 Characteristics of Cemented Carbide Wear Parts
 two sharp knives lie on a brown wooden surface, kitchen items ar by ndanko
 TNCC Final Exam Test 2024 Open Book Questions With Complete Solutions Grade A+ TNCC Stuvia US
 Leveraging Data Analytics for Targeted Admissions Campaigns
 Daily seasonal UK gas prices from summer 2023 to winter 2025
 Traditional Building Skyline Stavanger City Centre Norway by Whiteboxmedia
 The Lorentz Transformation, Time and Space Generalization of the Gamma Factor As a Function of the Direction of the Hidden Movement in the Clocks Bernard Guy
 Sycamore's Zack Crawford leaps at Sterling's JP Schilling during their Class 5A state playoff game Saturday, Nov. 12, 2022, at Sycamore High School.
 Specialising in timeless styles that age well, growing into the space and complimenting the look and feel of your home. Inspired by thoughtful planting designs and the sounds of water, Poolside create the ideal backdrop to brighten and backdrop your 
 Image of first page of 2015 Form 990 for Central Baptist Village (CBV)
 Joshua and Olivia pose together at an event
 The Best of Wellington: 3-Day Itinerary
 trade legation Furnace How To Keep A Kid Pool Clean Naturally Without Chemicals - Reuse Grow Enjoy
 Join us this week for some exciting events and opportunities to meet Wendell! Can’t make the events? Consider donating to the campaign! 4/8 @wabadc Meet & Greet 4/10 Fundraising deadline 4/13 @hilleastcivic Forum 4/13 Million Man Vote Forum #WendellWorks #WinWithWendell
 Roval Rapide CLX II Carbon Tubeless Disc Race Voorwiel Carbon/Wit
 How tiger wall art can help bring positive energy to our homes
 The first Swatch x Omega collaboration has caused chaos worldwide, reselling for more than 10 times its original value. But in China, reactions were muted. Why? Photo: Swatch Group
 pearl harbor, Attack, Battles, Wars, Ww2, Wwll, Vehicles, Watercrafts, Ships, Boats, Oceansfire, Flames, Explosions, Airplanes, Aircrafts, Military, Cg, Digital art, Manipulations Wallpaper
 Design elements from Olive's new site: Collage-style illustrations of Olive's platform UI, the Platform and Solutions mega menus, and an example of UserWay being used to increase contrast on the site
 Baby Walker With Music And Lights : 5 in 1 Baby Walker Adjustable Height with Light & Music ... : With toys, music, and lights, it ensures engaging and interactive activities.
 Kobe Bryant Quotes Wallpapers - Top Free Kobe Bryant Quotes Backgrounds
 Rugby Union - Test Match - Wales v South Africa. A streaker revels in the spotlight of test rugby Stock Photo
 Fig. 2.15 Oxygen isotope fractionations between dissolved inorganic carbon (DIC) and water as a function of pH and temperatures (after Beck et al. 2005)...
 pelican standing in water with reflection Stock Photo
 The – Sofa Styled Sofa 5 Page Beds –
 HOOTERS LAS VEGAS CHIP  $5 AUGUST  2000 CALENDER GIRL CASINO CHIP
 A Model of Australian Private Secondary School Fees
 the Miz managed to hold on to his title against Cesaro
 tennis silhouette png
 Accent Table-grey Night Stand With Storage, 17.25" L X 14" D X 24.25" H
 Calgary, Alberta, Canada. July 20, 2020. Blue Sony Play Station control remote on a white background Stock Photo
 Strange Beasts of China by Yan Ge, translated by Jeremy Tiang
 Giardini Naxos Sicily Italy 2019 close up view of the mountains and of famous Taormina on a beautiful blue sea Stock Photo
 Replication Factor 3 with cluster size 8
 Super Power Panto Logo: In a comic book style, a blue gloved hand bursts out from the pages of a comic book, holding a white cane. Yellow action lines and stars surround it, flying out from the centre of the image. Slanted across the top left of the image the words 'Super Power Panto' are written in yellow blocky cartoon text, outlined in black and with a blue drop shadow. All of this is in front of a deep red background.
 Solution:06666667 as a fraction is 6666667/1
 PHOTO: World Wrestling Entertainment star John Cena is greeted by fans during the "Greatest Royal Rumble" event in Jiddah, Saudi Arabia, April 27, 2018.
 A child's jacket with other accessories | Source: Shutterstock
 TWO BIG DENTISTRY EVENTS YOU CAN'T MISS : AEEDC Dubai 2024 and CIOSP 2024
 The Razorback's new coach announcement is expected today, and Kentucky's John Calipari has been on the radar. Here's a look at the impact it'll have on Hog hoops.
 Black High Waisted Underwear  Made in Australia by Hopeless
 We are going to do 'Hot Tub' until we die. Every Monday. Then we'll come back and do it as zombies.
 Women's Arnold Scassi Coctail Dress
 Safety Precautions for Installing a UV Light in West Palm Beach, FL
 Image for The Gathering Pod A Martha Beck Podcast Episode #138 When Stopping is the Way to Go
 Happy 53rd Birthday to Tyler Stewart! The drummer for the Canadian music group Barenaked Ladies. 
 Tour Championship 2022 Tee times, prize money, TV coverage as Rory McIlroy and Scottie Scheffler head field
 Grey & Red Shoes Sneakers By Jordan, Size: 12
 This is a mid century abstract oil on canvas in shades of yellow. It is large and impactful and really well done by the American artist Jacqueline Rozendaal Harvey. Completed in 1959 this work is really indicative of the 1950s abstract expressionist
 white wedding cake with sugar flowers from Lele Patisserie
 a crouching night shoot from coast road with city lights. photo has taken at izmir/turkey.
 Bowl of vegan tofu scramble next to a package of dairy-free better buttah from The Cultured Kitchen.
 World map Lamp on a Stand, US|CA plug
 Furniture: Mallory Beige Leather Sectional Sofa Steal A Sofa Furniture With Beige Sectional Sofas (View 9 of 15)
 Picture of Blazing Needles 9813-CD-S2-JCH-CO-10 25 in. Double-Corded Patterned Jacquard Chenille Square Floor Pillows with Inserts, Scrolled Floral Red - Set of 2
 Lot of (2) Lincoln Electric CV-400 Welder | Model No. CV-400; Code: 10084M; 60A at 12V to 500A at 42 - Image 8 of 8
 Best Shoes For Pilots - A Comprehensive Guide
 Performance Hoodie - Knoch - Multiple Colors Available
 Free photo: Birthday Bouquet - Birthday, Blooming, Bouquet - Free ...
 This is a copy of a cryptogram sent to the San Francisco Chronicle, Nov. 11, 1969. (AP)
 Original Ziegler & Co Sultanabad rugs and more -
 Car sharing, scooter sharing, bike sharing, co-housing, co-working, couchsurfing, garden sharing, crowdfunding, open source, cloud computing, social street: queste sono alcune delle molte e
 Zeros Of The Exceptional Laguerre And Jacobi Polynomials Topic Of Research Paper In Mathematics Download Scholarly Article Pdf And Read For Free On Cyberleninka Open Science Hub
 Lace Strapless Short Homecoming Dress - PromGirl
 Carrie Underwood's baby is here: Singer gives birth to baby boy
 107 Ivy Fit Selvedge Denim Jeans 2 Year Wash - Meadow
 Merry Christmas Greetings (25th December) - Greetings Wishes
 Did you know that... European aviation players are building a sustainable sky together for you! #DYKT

* Task objective: Your task is to transcribe all of the entries word for word.

* Your response:
 Characteristics of Cemented Carbide Wear Parts
 two sharp knives lie on a brown wooden surface, kitchen items ar by ndanko
 TNCC Final Exam Test 2024 Open Book Questions With Complete Solutions Grade A+ TNCC Stuvia US
 Leveraging Data Analytics for Targeted Admissions Campaigns
 Daily seasonal UK gas prices from summer 2023 to winter 2025
 Traditional Building Skyline Stavanger City Centre Norway by Whiteboxmedia
 The Lorentz Transformation, Time and Space Generalization of the Gamma Factor As a Function of the Direction of the Hidden Movement in the Clocks Bernard Guy
 Sycamore's Zack Crawford leaps at Sterling's JP Schilling during their Class 5A state playoff game Saturday, Nov. 12, 2022, at Sycamore High School.
 Specialising in timeless styles that age well, growing into the space and complimenting the look and feel of your home. Inspired by thoughtful planting designs and the sounds of water, Poolside create the ideal backdrop to brighten and backdrop your 
 Image of first page of 2015 Form 990 for Central Baptist Village (CBV)
 Joshua and Olivia pose together at an event
 The Best of Wellington: 3-Day Itinerary
 trade legation Furnace How To Keep A Kid Pool Clean Naturally Without Chemicals - Reuse Grow Enjoy
 Join us this week for some exciting events and opportunities to meet Wendell! Can’t make the events? Consider donating to the campaign! 4/8 @wabadc Meet & Greet 4/10 Fundraising deadline 4/13 @hilleastcivic Forum 4/13 Million Man Vote Forum #WendellWorks #WinWithWendell
 Roval Rapide CLX II Carbon Tubeless Disc Race Voorwiel Carbon/Wit
 How tiger wall art can help bring positive energy to our homes
 The first Swatch x Omega collaboration has caused chaos worldwide, reselling for more than 10 times its original value. But in China, reactions were muted. Why? Photo: Swatch Group
 pearl harbor, Attack, Battles, Wars, Ww2, Wwll, Vehicles, Watercrafts, Ships, Boats, Oceansfire, Flames, Explosions, Airplanes, Aircrafts, Military, Cg, Digital art, Manipulations Wallpaper
 Design elements from Olive's new site: Collage-style illustrations of Olive's platform UI, the Platform and Solutions mega menus, and an example of UserWay being used to increase contrast on the site
 Baby Walker With Music And Lights : 5 in 1 Baby Walker Adjustable Height with Light & Music ... : With toys, music, and lights, it ensures engaging and interactive activities.
 Kobe Bryant Quotes Wallpapers - Top Free Kobe Bryant Quotes Backgrounds
 Rugby Union - Test Match - Wales v South Africa. A streaker revels in the spotlight of test rugby Stock Photo
 Fig. 2.15 Oxygen isotope fractionations between dissolved inorganic carbon (DIC) and water as a function of pH and temperatures (after Beck et al. 2005)...
 pelican standing in water with reflection Stock Photo
 The – Sofa Styled Sofa 5 Page Beds –
 HOOTERS LAS VEGAS CHIP  $5 AUGUST  2000 CALENDER GIRL CASINO CHIP
 A Model of Australian Private Secondary School Fees
 the Miz managed to hold on to his title against Cesaro
 tennis silhouette png
 Accent Table-grey Night Stand With Storage, 17.25" L X 14" D X 24.25" H
 Calgary, Alberta, Canada. July 20, 2020. Blue Sony Play Station control remote on a white background Stock Photo
 Strange Beasts of China by Yan Ge, translated by Jeremy Tiang
 Giardini Naxos Sicily Italy 2019 close up view of the mountains and of famous Taormina on a beautiful blue sea Stock Photo
 Replication Factor 3 with cluster size 8
 Super Power Panto Logo: In a comic book style, a blue gloved hand bursts out from the pages of a comic book, holding a white cane. Yellow action lines and stars surround it, flying out from the centre of the image. Slanted across the top left of the image the words 'Super Power Panto' are written in yellow blocky cartoon text, outlined in black and with a blue drop shadow. All of this is in front of a deep red background.
 Solution:06666667 as a fraction is 6666667/1
 PHOTO: World Wrestling Entertainment star John Cena is greeted by fans during the "Greatest Royal Rumble" event in Jiddah, Saudi Arabia, April 27, 2018.
 A child's jacket with other accessories | Source: Shutterstock
 TWO BIG DENTISTRY EVENTS YOU CAN'T MISS : AEEDC Dubai 2024 and CIOSP 2024
 The Razorback's new coach announcement is expected today, and Kentucky's John Calipari has been on the radar. Here's a look at the impact it'll have on Hog hoops.
 Black High Waisted Underwear  Made in Australia by Hopeless
 We are going to do 'Hot Tub' until we die. Every Monday. Then we'll come back and do it as zombies.
 Women's Arnold Scassi Coctail Dress
 Safety Precautions for Installing a UV Light in West Palm Beach, FL
 Image for The Gathering Pod A Martha Beck Podcast Episode #138 When Stopping is the Way to Go
 Happy 53rd Birthday to Tyler Stewart! The drummer for the Canadian music group Barenaked Ladies. 
 Tour Championship 2022 Tee times, prize money, TV coverage as Rory McIlroy and Scottie Scheffler head field
 Grey & Red Shoes Sneakers By Jordan, Size: 12
 This is a mid century abstract oil on canvas in shades of yellow. It is large and impactful and really well done by the American artist Jacqueline Rozendaal Harvey. Completed in 1959 this work is really indicative of the 1950s abstract expressionist
 white wedding cake with sugar flowers from Lele Patisserie
 a crouching night shoot from coast road with city lights. photo has taken at izmir/turkey.
 Bowl of vegan tofu scramble next to a package of dairy-free better buttah from The Cultured Kitchen.
 World map Lamp on a Stand, US|CA plug
 Furniture: Mallory Beige Leather Sectional Sofa Steal A Sofa Furniture With Beige Sectional Sofas (View 9 of 15)
 Picture of Blazing Needles 9813-CD-S2-JCH-CO-10 25 in. Double-Corded Patterned Jacquard Chenille Square Floor Pillows with Inserts, Scrolled Floral Red - Set of 2
 Lot of (2) Lincoln Electric CV-400 Welder | Model No. CV-400; Code: 10084M; 60A at 12V to 500A at 42 - Image 8 of 8
 Best Shoes For Pilots - A Comprehensive Guide
 Performance Hoodie - Knoch - Multiple Colors Available
 Free photo: Birthday Bouquet - Birthday, Blooming, Bouquet - Free ...
 This is a copy of a cryptogram sent to the San Francisco Chronicle, Nov. 11, 1969. (AP)
 Original Ziegler & Co Sultanabad rugs and more -
 Car sharing, scooter sharing, bike sharing, co-housing, co-working, couchsurfing, garden sharing, crowdfunding, open source, cloud computing, social street: queste sono alcune delle molte e
 Zeros Of The Exceptional Laguerre And Jacobi Polynomials Topic Of Research Paper In Mathematics Download Scholarly Article Pdf And Read For Free On Cyberleninka Open Science Hub
 Lace Strapless Short Homecoming Dress - PromGirl
 Carrie Underwood's baby is here: Singer gives birth to baby boy
 107 Ivy Fit Selvedge Denim Jeans 2 Year Wash - Meadow
 Merry Christmas Greetings (25th December) - Greetings Wishes
 Did you know that... European aviation players are building a sustainable sky together for you! #DYKT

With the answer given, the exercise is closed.